= Goal of the exercise =
Only the lines from the top of the data through the line with "Joe Biden's visit" should be repeated, each exactly as written.

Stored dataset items
# # #
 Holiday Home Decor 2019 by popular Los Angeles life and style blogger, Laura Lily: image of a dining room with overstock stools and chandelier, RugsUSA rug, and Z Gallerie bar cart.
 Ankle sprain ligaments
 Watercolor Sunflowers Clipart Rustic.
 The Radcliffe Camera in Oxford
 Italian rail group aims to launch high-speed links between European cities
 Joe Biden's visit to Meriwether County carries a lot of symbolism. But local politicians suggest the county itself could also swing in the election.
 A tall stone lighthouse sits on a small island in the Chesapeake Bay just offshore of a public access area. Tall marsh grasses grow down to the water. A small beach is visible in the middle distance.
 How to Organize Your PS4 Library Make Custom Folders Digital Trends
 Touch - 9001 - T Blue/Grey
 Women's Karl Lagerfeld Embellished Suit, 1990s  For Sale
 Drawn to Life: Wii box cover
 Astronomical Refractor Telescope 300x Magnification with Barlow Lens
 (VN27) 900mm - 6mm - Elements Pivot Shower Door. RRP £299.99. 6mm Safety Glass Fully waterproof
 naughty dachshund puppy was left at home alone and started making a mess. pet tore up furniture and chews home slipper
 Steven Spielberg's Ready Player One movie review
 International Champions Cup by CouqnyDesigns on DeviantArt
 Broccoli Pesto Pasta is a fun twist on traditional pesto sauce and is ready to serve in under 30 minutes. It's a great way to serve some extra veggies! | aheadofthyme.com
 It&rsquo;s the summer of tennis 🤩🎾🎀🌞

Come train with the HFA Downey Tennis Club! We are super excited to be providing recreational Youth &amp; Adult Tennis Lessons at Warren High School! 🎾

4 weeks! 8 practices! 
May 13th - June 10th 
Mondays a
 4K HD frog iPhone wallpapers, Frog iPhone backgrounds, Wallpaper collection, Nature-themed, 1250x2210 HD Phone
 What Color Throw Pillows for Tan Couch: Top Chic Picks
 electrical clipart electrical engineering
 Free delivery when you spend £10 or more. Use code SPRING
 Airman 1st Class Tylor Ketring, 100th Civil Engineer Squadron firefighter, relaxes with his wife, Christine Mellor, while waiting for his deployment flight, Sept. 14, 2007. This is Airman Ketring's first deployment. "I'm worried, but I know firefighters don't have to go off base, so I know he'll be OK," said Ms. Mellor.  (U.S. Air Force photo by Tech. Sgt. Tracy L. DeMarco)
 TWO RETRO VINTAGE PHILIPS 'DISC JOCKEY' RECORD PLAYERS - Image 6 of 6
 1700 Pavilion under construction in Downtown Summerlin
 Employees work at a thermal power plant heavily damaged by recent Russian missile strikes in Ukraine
# # #
= Task answer =
 Holiday Home Decor 2019 by popular Los Angeles life and style blogger, Laura Lily: image of a dining room with overstock stools and chandelier, RugsUSA rug, and Z Gallerie bar cart.
 Ankle sprain ligaments
 Watercolor Sunflowers Clipart Rustic.
 The Radcliffe Camera in Oxford
 Italian rail group aims to launch high-speed links between European cities
 Joe Biden's visit to Meriwether County carries a lot of symbolism. But local politicians suggest the county itself could also swing in the election.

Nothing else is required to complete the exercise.